CASE STUDY 3
Wild Horse Island, Flathead Lake Montana
Location: Northwest Montana
Public Wildlife Management Area
Wildhorse Island is renown for its iconic wildlife include wild horses and bighorn sheep. The populations are protected in part by their island refuge which is managed for wildlife. The largest bighorn sheep skull in the world was found on the island in the year 2016 kindling excitement for the conservation of bighorn sheep in this natural environment.
Annual grasses have begun to encroach on the south-facing grasslands used by bighorn sheep for forage leading to concern for habitat quality and parallel bighorn sheep fitness. The Rangeland Analysis Platform (https://rangelands.app/) was used to estimate the cover of both perennial and annual grasses on the south-facing slopes and suggests that perennial grasses have declined from 50% to 40% since 1984 while annual grass have replaced them and increased from 15 to 20% during the same period.

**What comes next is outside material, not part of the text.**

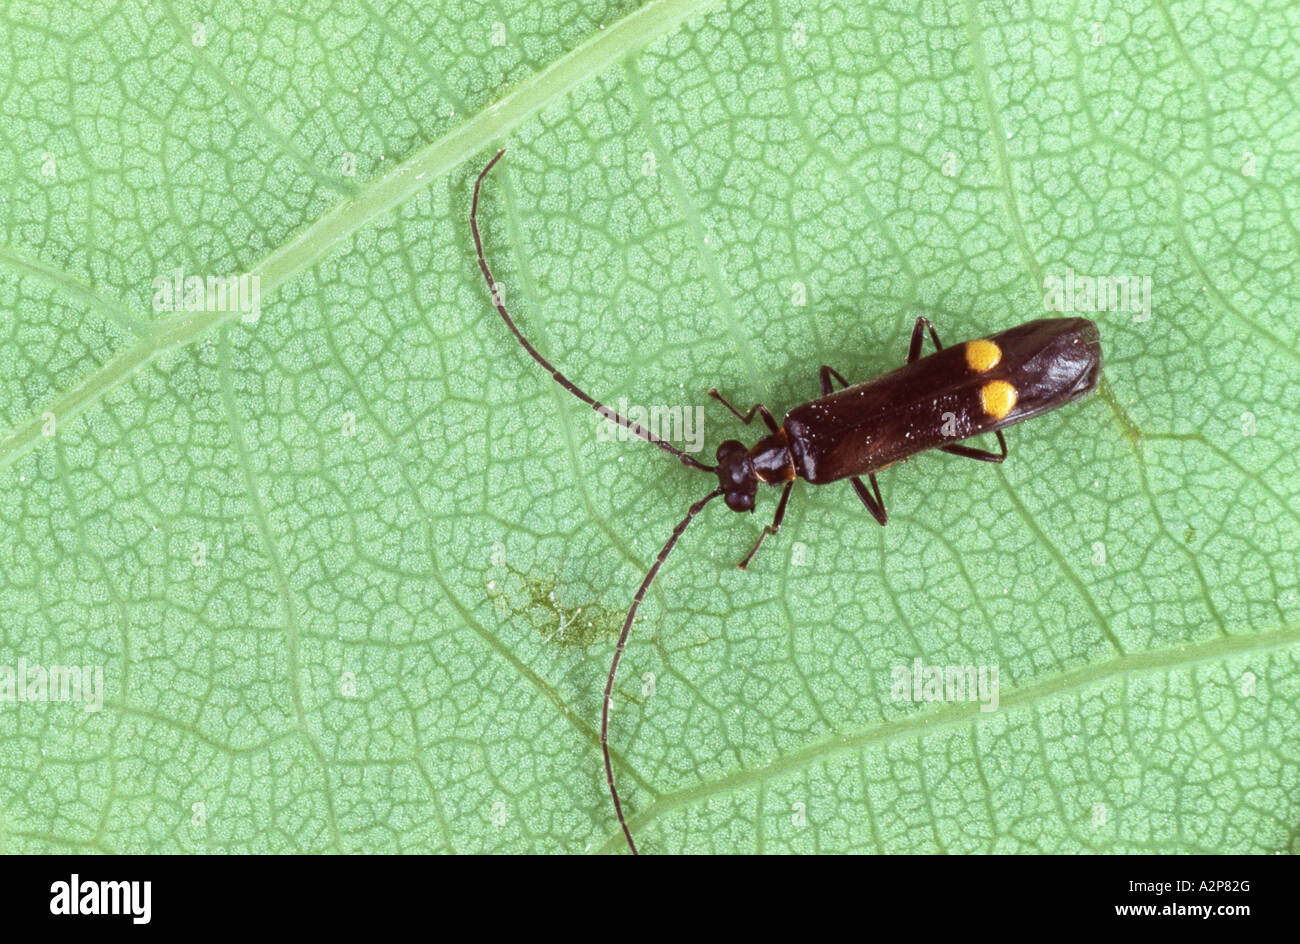 cantharid, soldier beetle (Malthodes guttifer), on a leaf Stock Photo

Three application rates and three habitat types were selected to demonstrate the effectiveness of micronutrient fertilization in promoting the growth of perennial grasses. The sites selected were a disturbed site where the soil was previously tilled by homesteading, a south-facing natural grassland (Eagle Cove Site) and a ponderosa pine understory community dominated by rough fescue.
Demonstrate that innovative fertilizer-based treatments can be used to promote the growth of perennial grasses allowing them to outcompete annual invasive grasses.
Granular 350 pounds fertilizer/acre
Granular Low Rate (175 pounds/acre), Medium Rate (350 pounds/acre), High Rate (525 pounds/acre)
Granular fertilizer was applied using a hand broadcast spreader to 1600 square foot plots in September 2018.